Got to the hospital without any problems, and went into the Surgical Short Stay Unit (SSSU) to find out where I was supposed to go for the pre-op. Pre-Op is in the bowels of the hospital, so I got down there in plenty of time. As there was almost no one else there I went almost straight in.
Pre-Op was:
  • MRSA swab of nose
  • MRSA swab of groin
  • Height and weight
  • Blood pressure
  • "Do you have any allergies or intolerances?", version 1
  • Confirmation of data, part 1

All done by 09:00. I wasn't sure what to do next, so I ambled back towards the SSSU catching Pokémon. I debated walking down to Tesco nearby to get the gym there, but was worried about whether I was expected to stay on site so I didn't. Hung around in the SSSU registration area for a while until someone spotted me. Explained why I was there and that I wasn't sure what to do now, but that I didn't really want to go home and come back - could I sit in the Day Room? Nurse toddled off and came back to say they could admit me now and I could just park up on my bed and read if I liked or have a nap. So I did!

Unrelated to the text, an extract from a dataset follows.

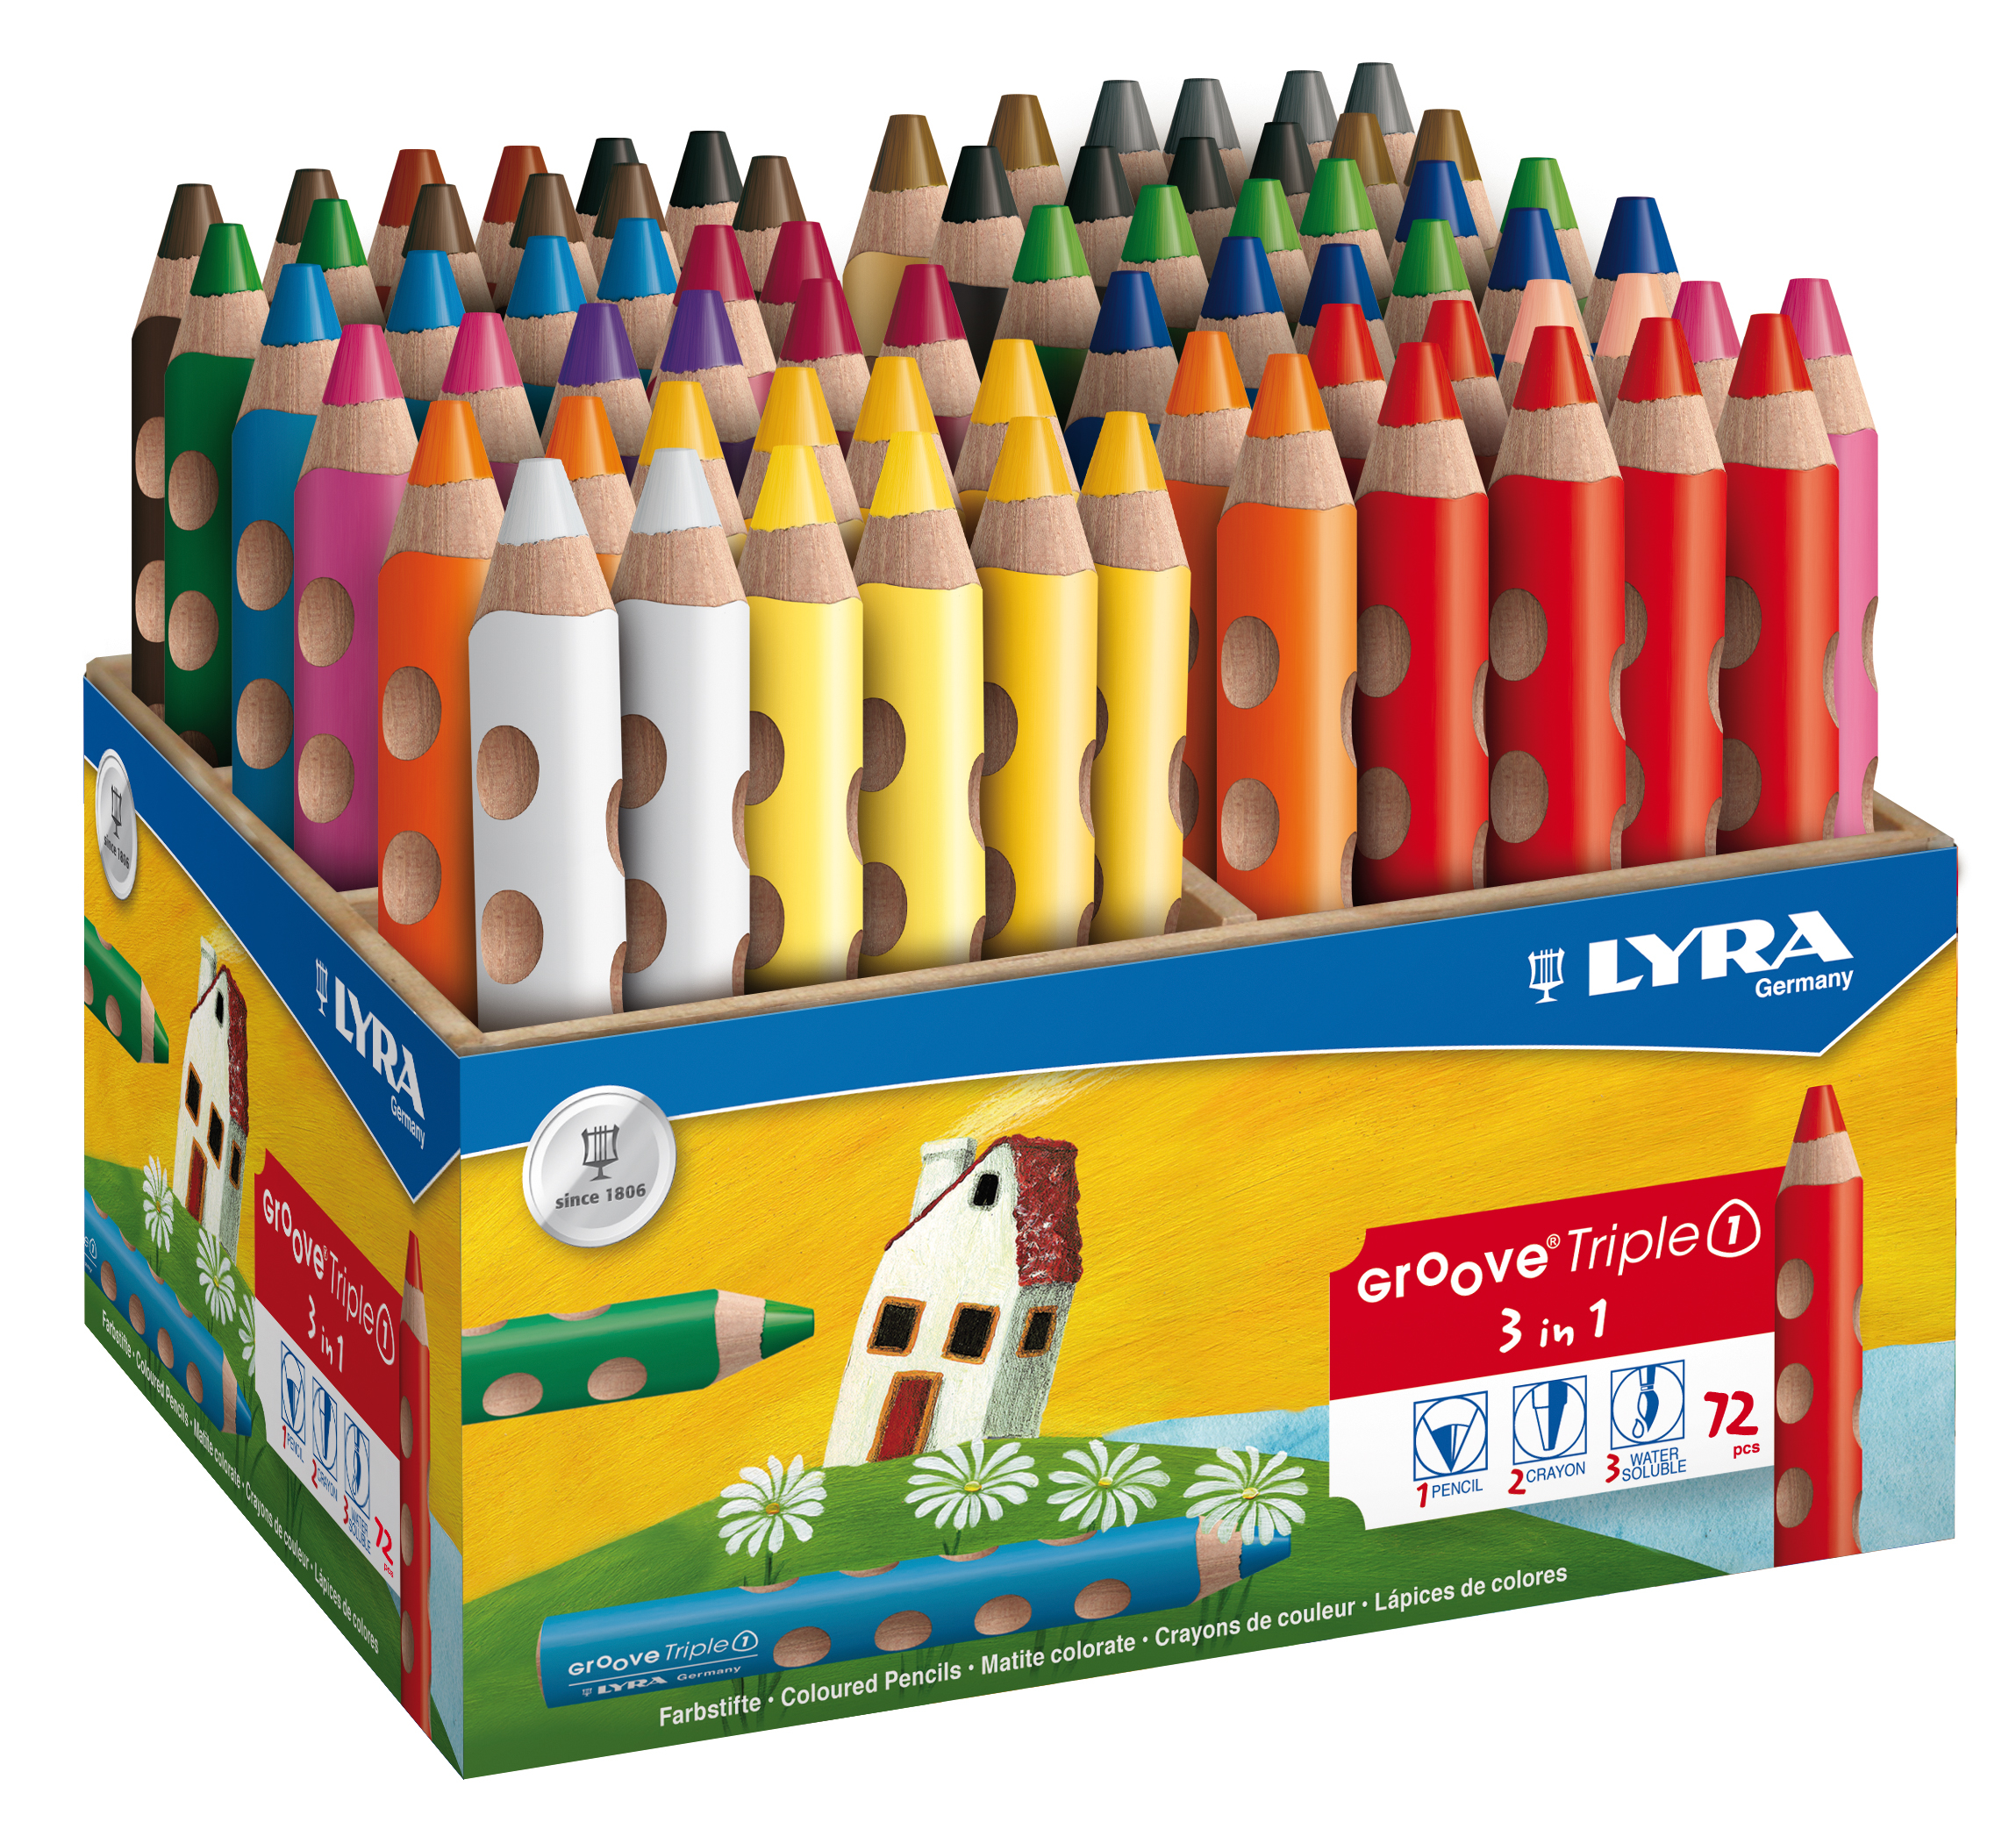 LYRA Crayon de couleur Triple 1 3832720 Box 72 pcs.

I read Ashes of Honor, some more of Games Creatures Play, and then a good chunk of The King Must Die, plus I got caught up on Facebook and Twitter (well as much as one can say caught up with either of those). I would have played Pokémon but I was tantalisingly just out of reach of the nearest stop and low on balls.

The rest of the time I had a number of visits from various people including nurses, the surgeon, and the anaesthetist, all who asked me for my allergies/intolerances, date of birth, and address. I know why they do it (so they know they have the right patient with the right notes), but it's both boring and exasperating after a while. At about 16:30 I was given my oh-so-sexy support stockings and put into the gown to be wheeled down. As I was moving from one bed area to another we took all my stuff with me to go into a locker while I was in surgery.

I came around about 6ish I think, and sat up. Lady next to me had had "growths" removed and was very groggy, but I didn't feel too bad so I stayed sitting up all the way back to the Unit. They found some endometrium where it shouldn't be, and removed it. Hopefully things will be a little better now... I had to drink a ton of water once I was in recovery because they won't let you out until you pee. My bladder was happy to take about 2 pints before it would go, so I was stuck there until about 8pm.

Other slightly random thoughts:
  • My anaesthetist was great and had a funky moustache. He agreed to gas me until I was under enough to not know there was a needle nearby. Good man!
  • I have a slow release bladder - I was still able to pee at nearly 16:30 before I was wheeled down, despite having drunk nothing since I was admitted at 09:30... Bodies are weird!
  • Gas is much nicer than injections but I was burping it for 2 days afterwards and it tastes BAD!
  • Recovery is both fast and slow - healing was very quick and clean, but I am still pretty tired 2 weeks later. It also occasionally twinges. I'm told this is because healing starts at the skin and works inwards, so while the holes are closed up now, the insides are still stab wounded.